Your objective:
Repeat the data exactly, leaving out any image.

Data shown:
* * * * * * * * *
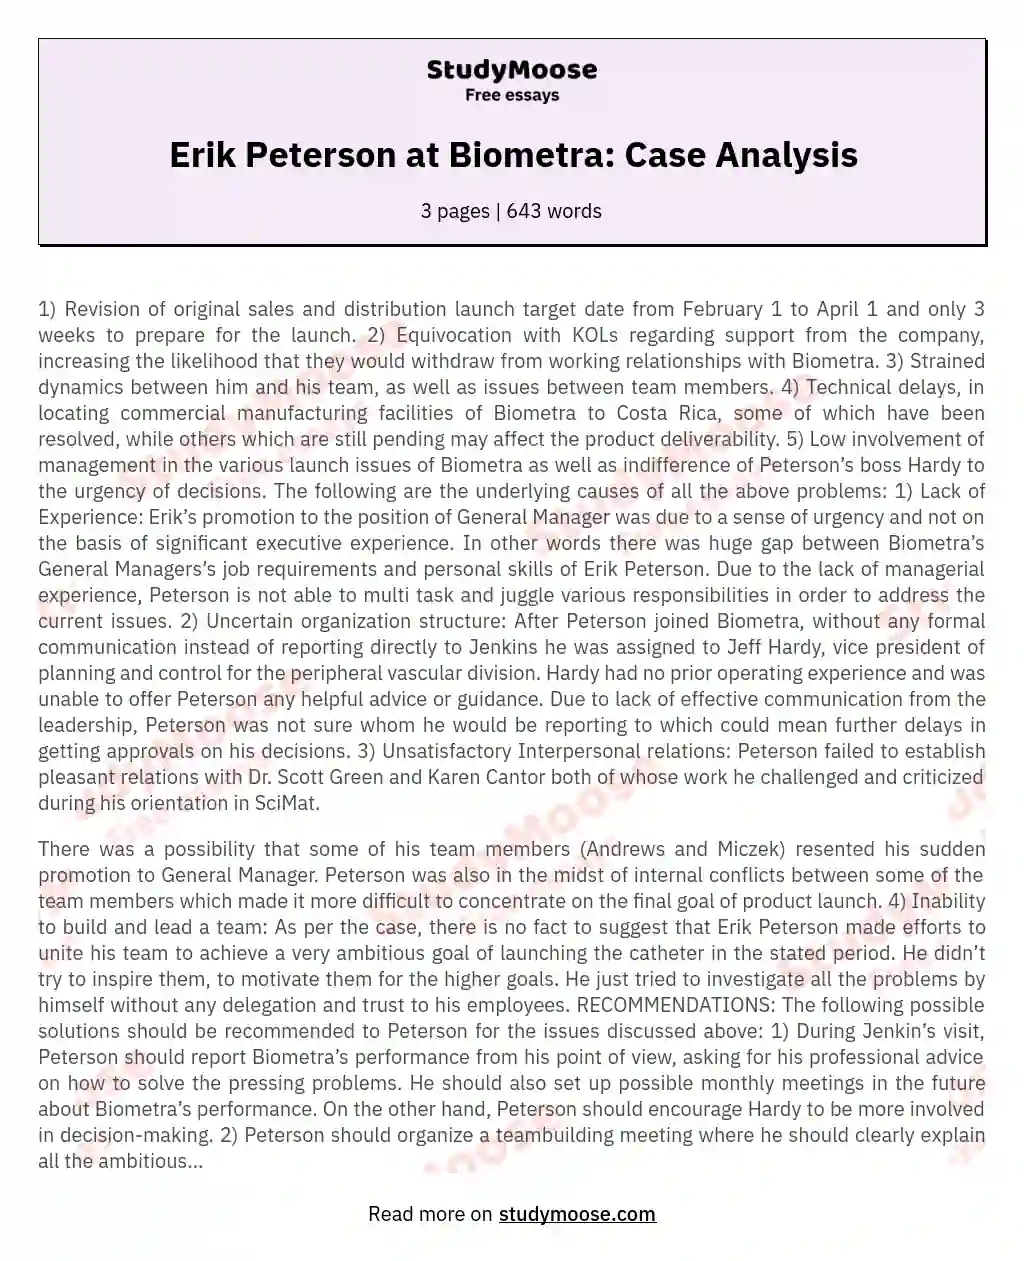 Erik Peterson at Biometra: Case Analysis essay
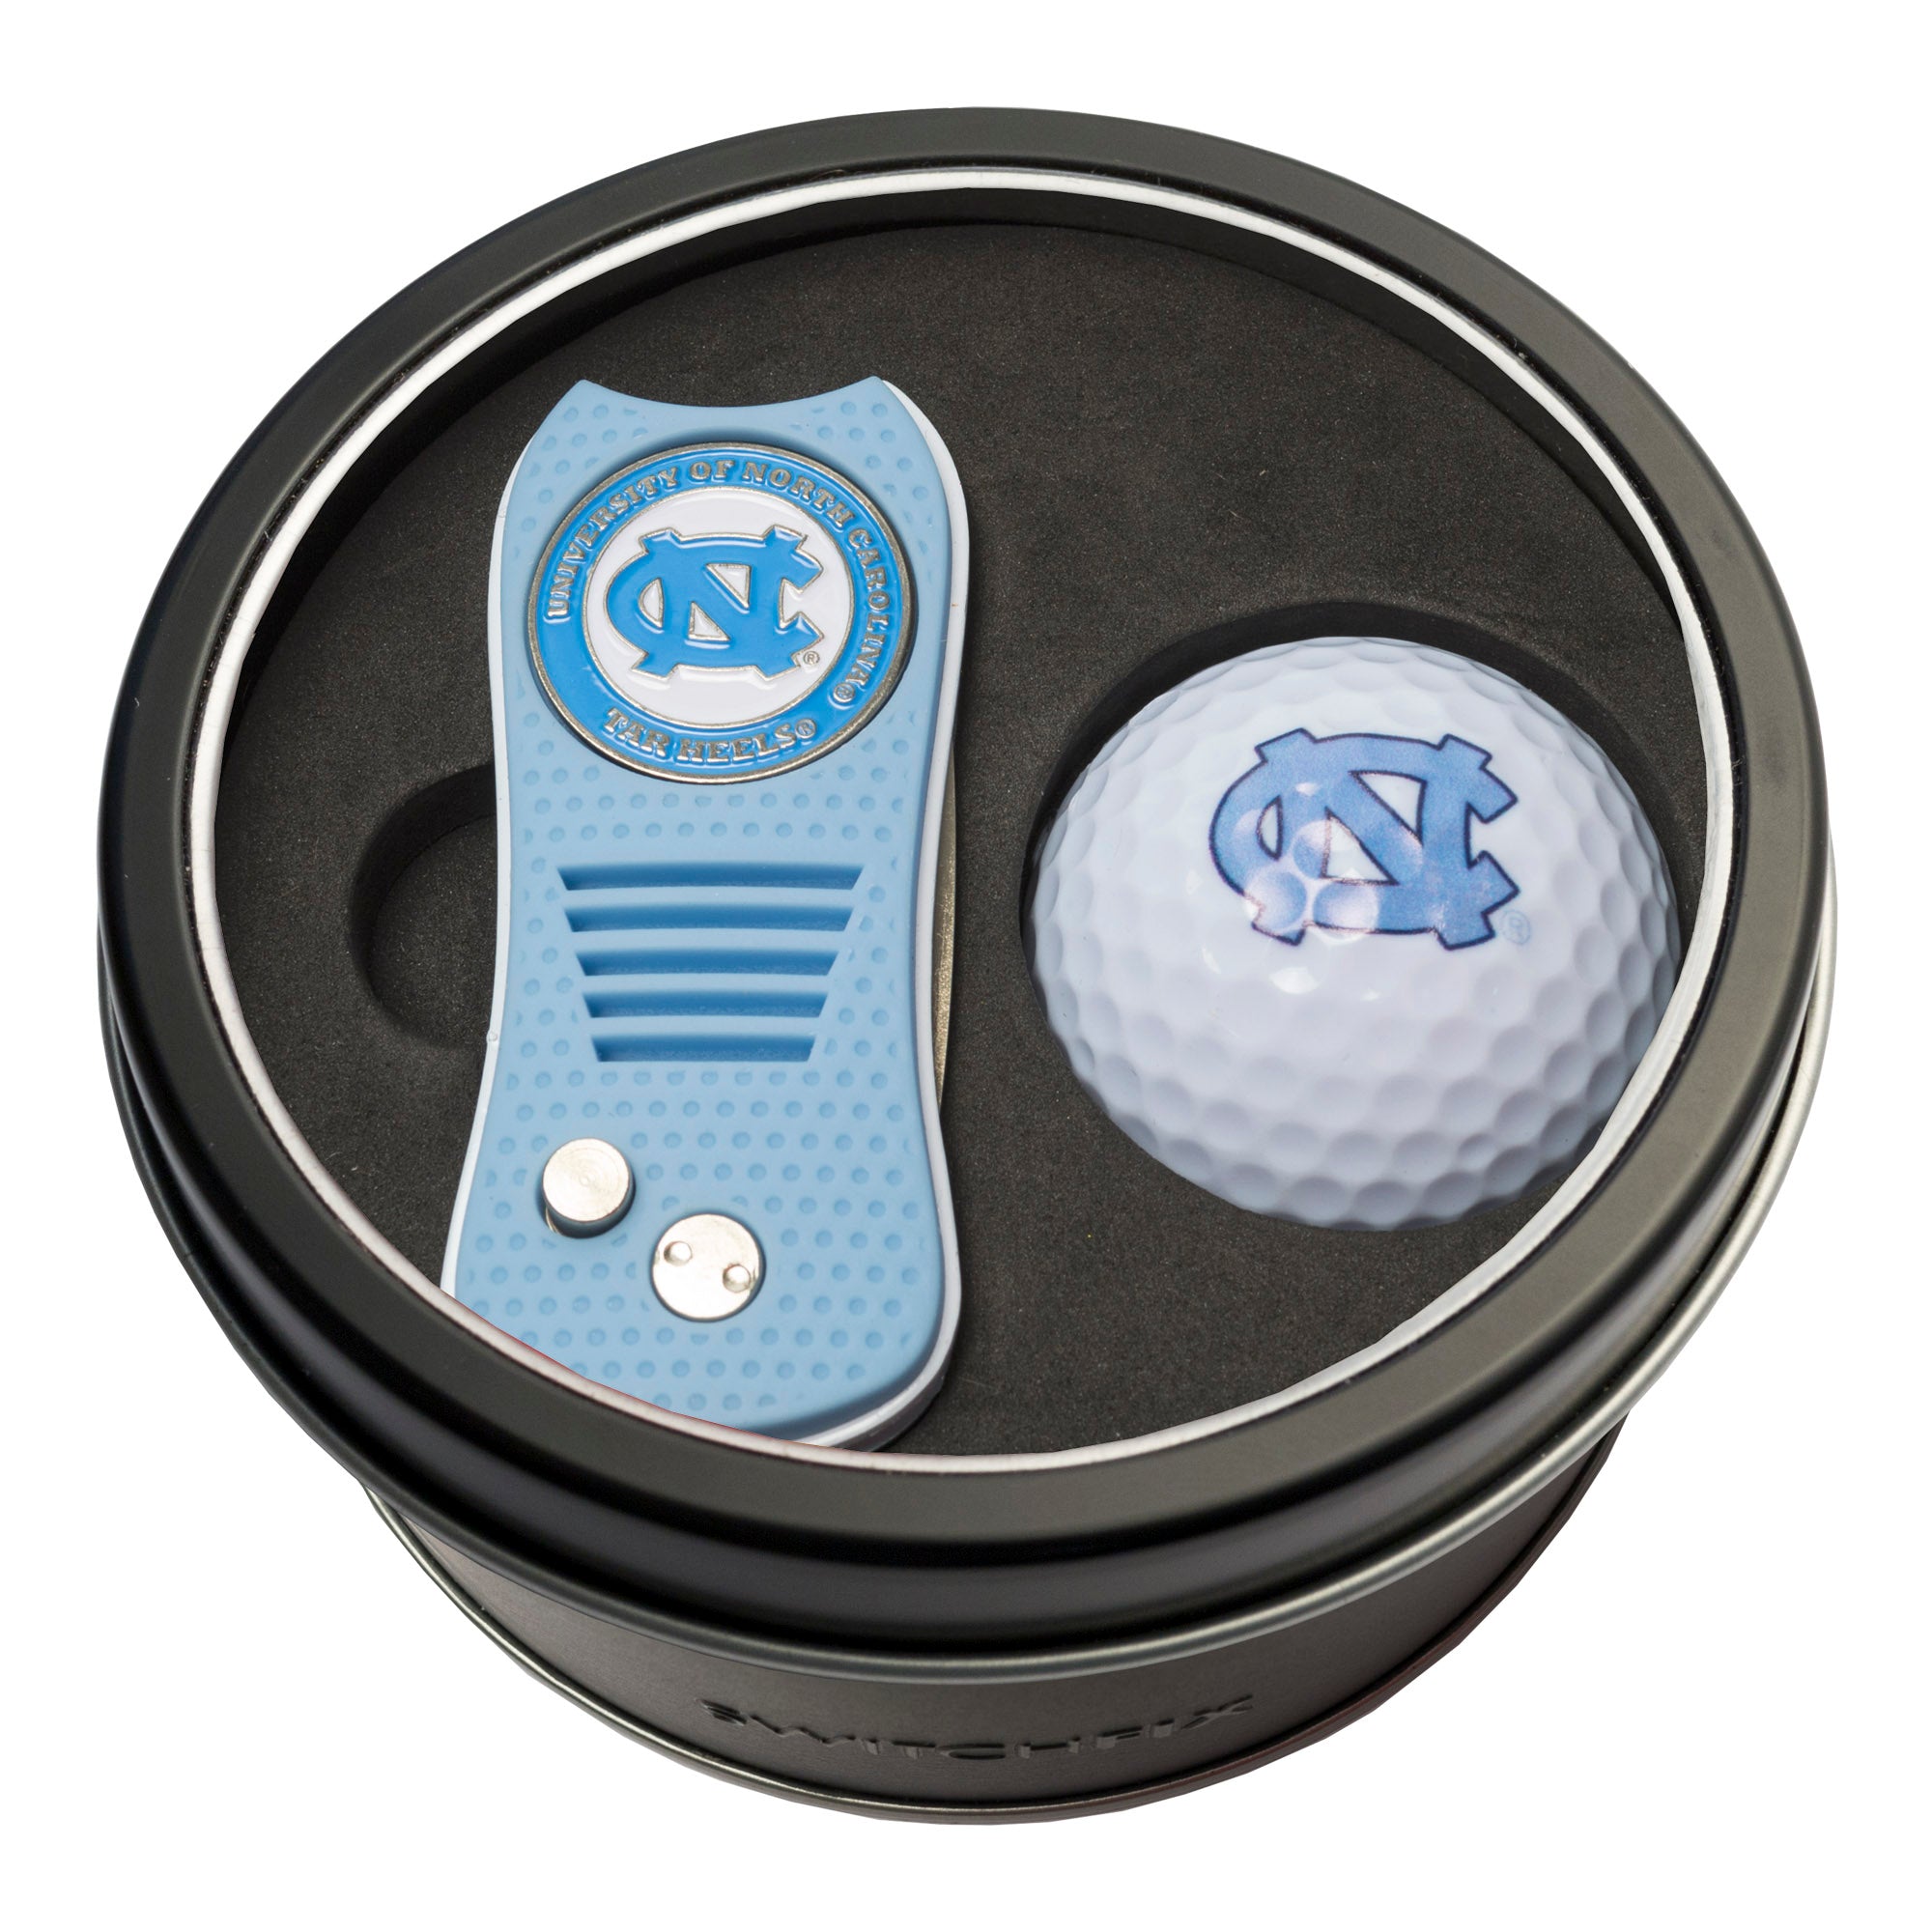 North Carolina Tar Heels Switchblade Divot Tool + Golf Ball Tin Gift Set
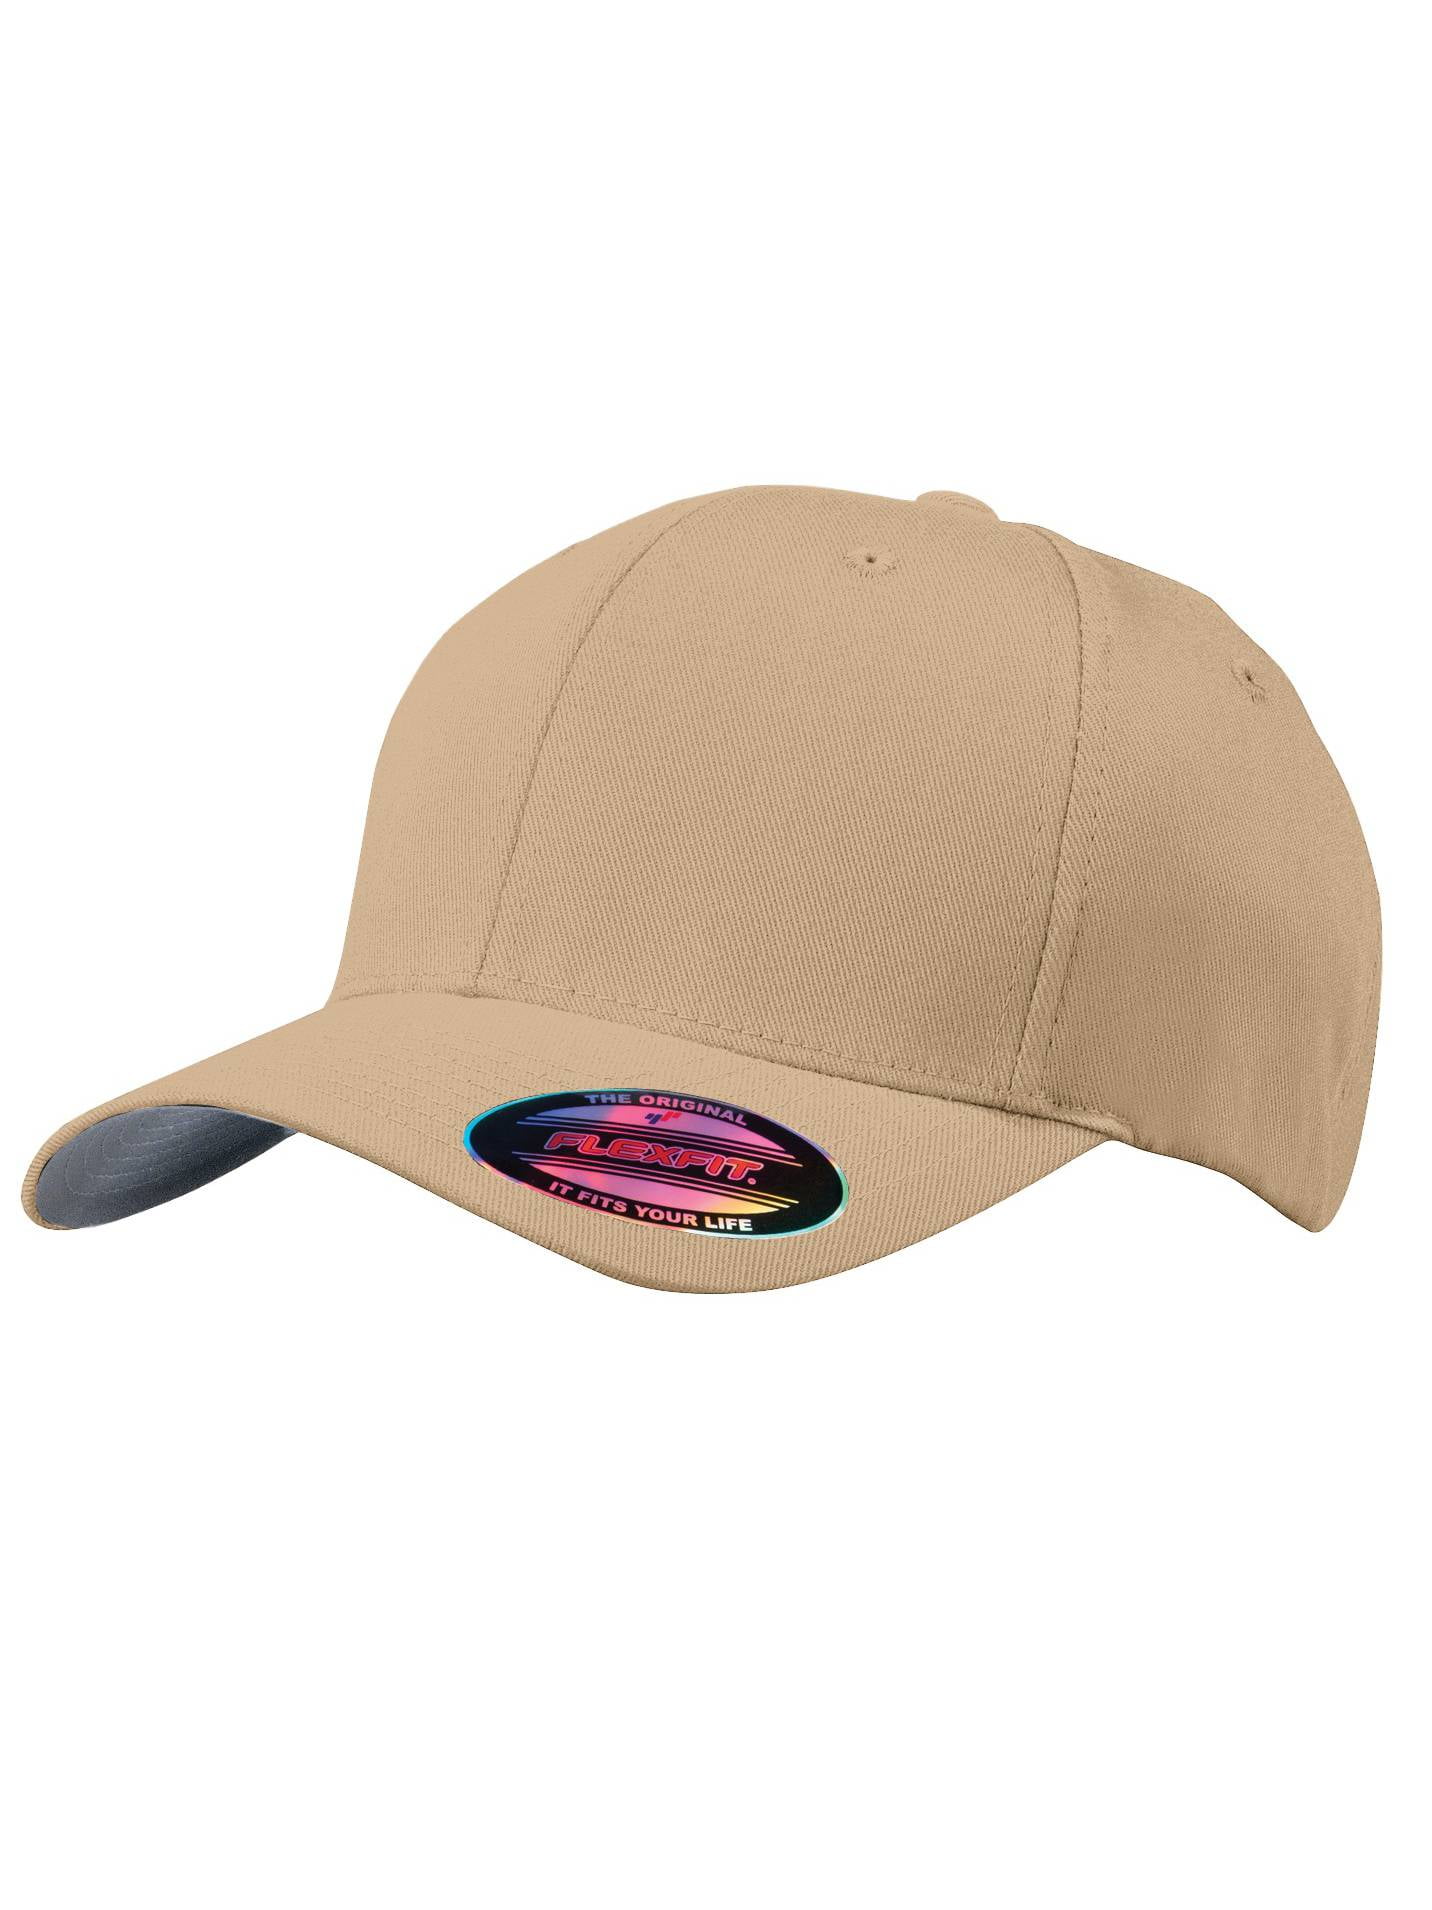 Small/Medium Baseball Flex Cap Fit - - Drab/Green Top Headwear Olive
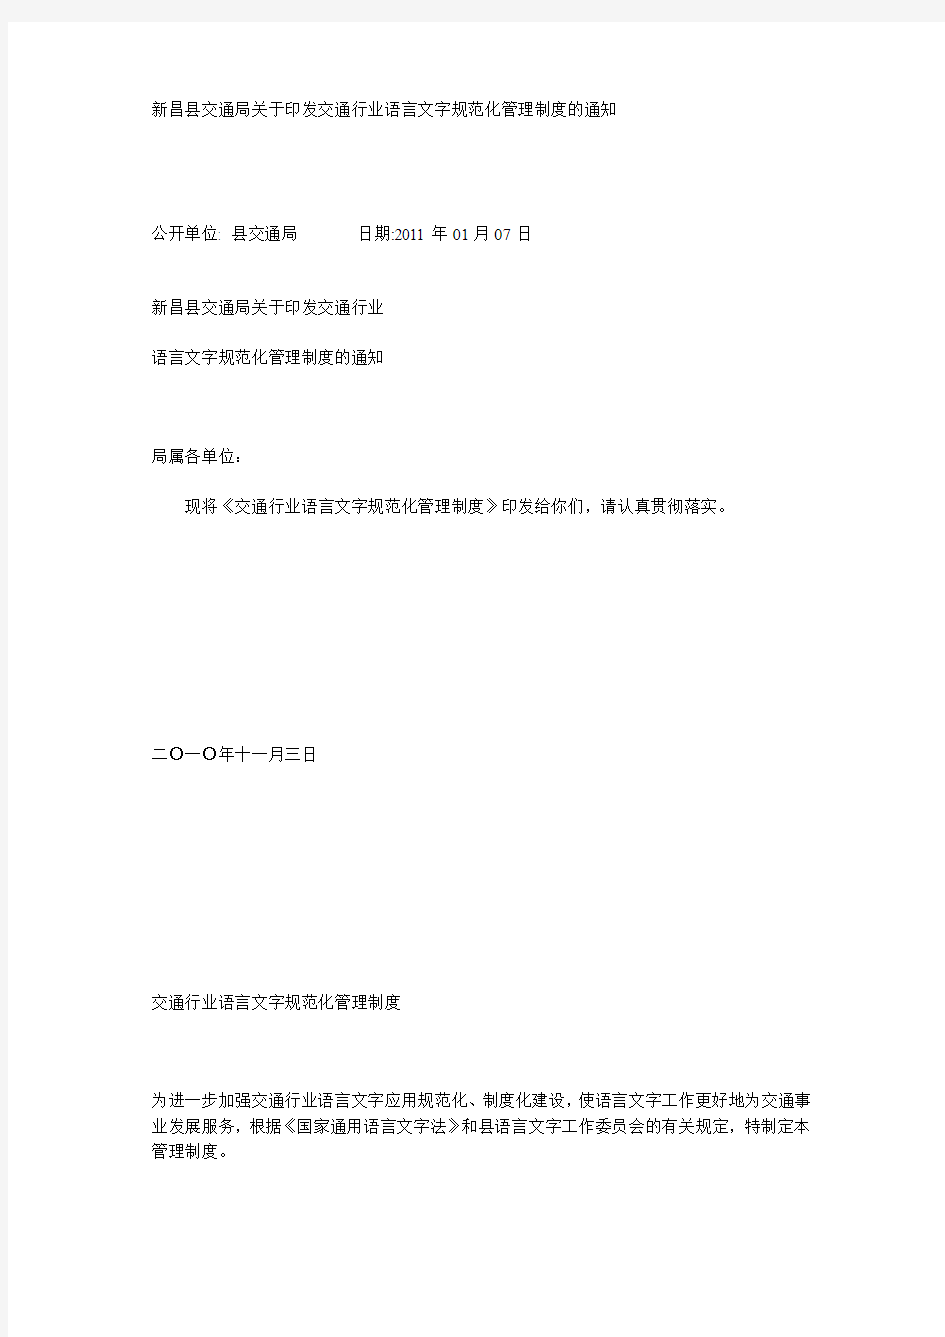 新昌县交通局关于印发交通行业语言文字规范化管理制度的通知
* * * * * * * * *
Problem solution:
 Erik Peterson at Biometra: Case Analysis essay
 North Carolina Tar Heels Switchblade Divot Tool + Golf Ball Tin Gift Set
 Small/Medium Baseball Flex Cap Fit - - Drab/Green Top Headwear Olive
 新昌县交通局关于印发交通行业语言文字规范化管理制度的通知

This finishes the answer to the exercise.